_WHAT IS REQUIRED_
A picture-free, exact reproduction of the listing that follows is required.

_DATASET EXTRACT_
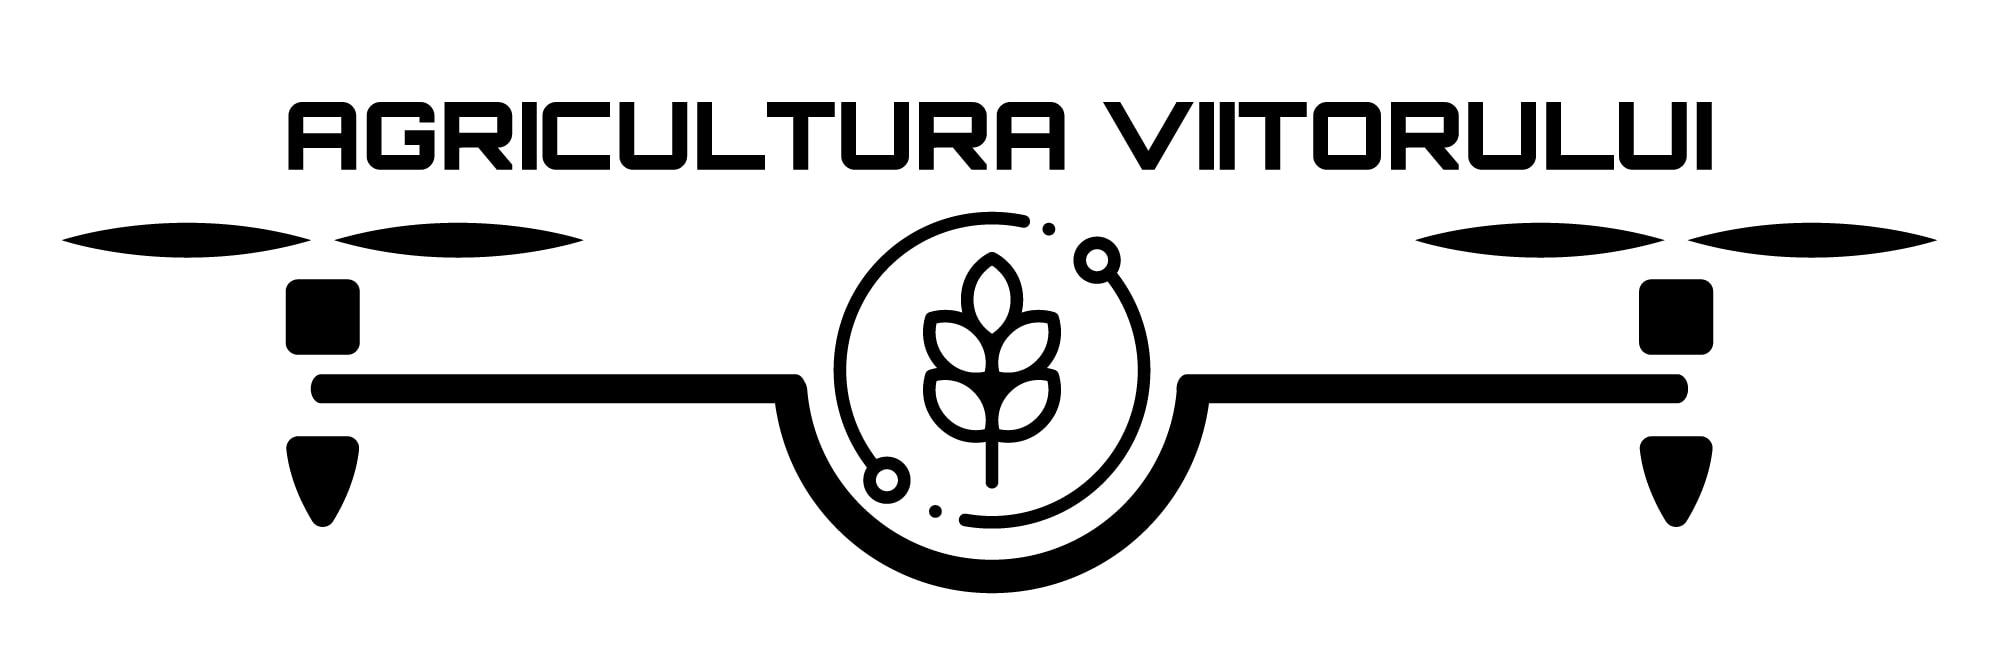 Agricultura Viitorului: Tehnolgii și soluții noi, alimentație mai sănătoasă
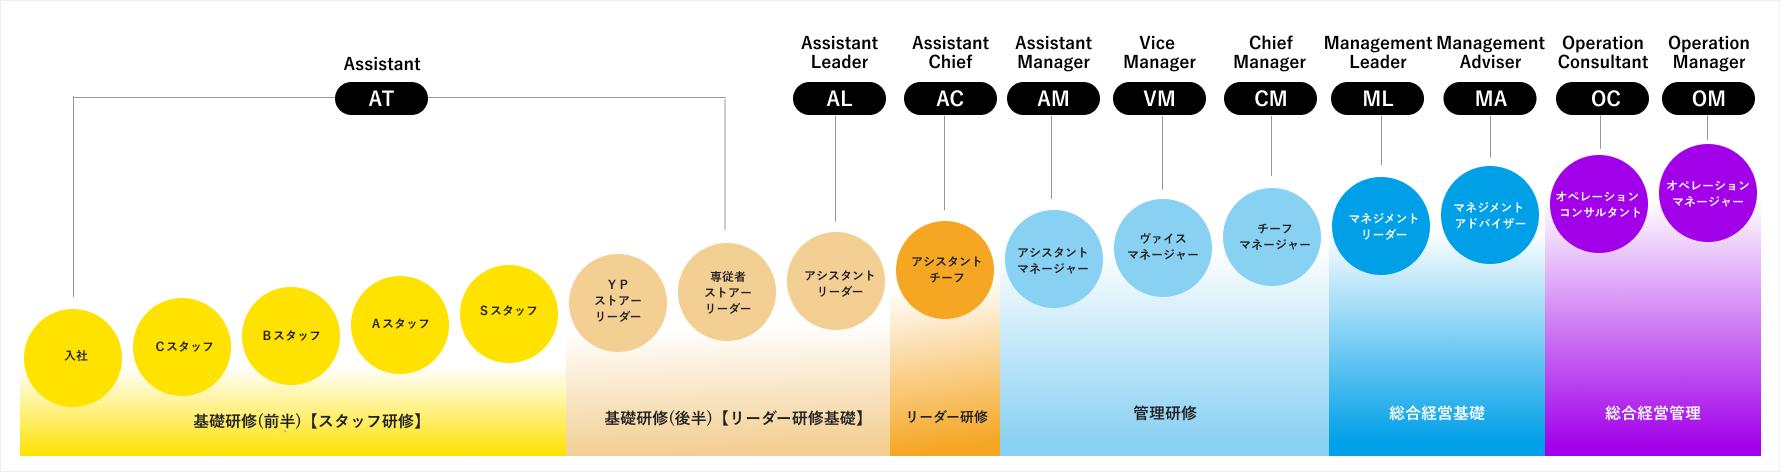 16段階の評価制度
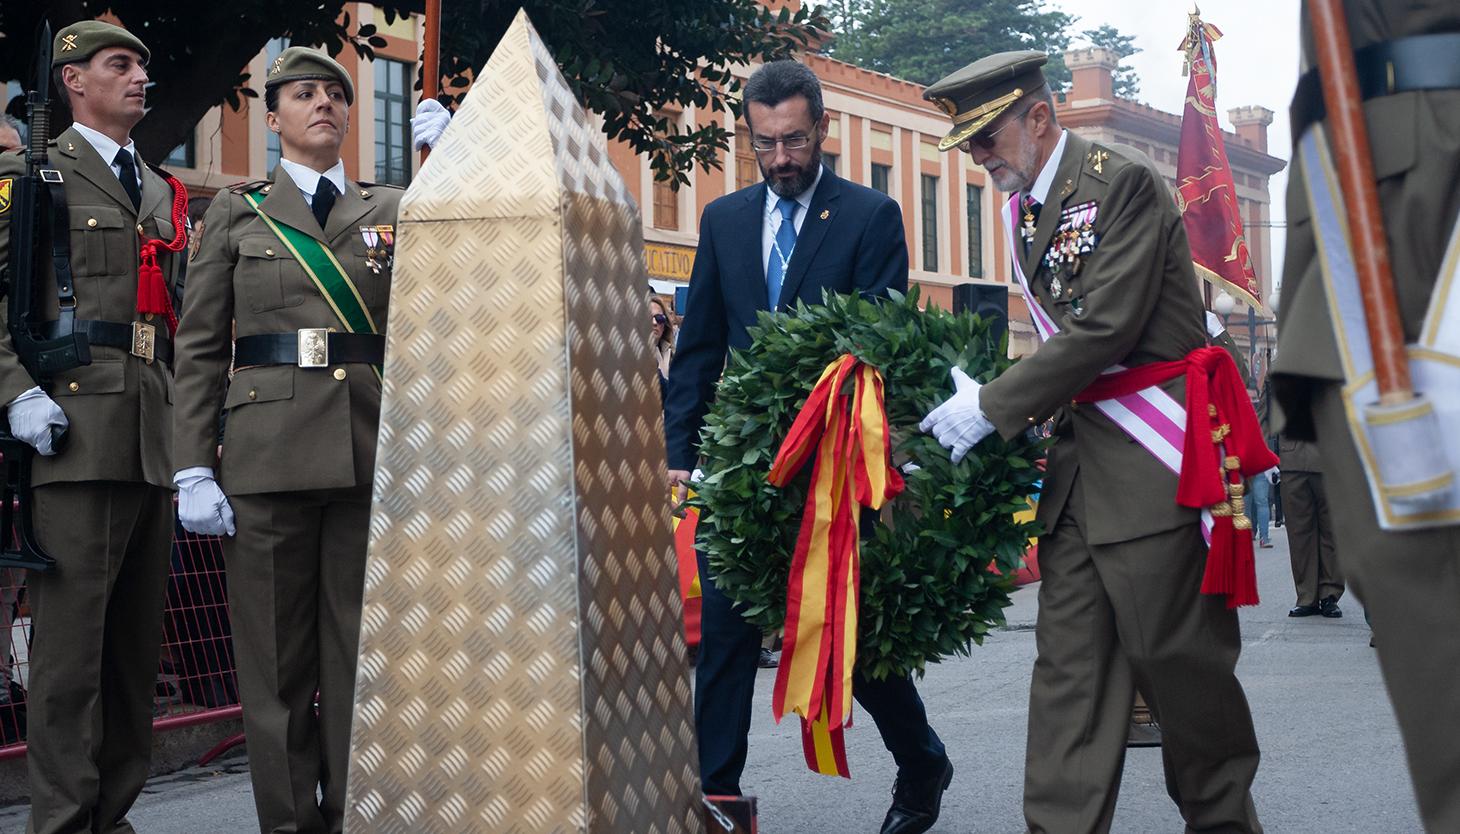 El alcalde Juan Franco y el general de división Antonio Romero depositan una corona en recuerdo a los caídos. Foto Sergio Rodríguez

_EXERCISE SOLUTION_
 Agricultura Viitorului: Tehnolgii și soluții noi, alimentație mai sănătoasă
 16段階の評価制度
 El alcalde Juan Franco y el general de división Antonio Romero depositan una corona en recuerdo a los caídos. Foto Sergio Rodríguez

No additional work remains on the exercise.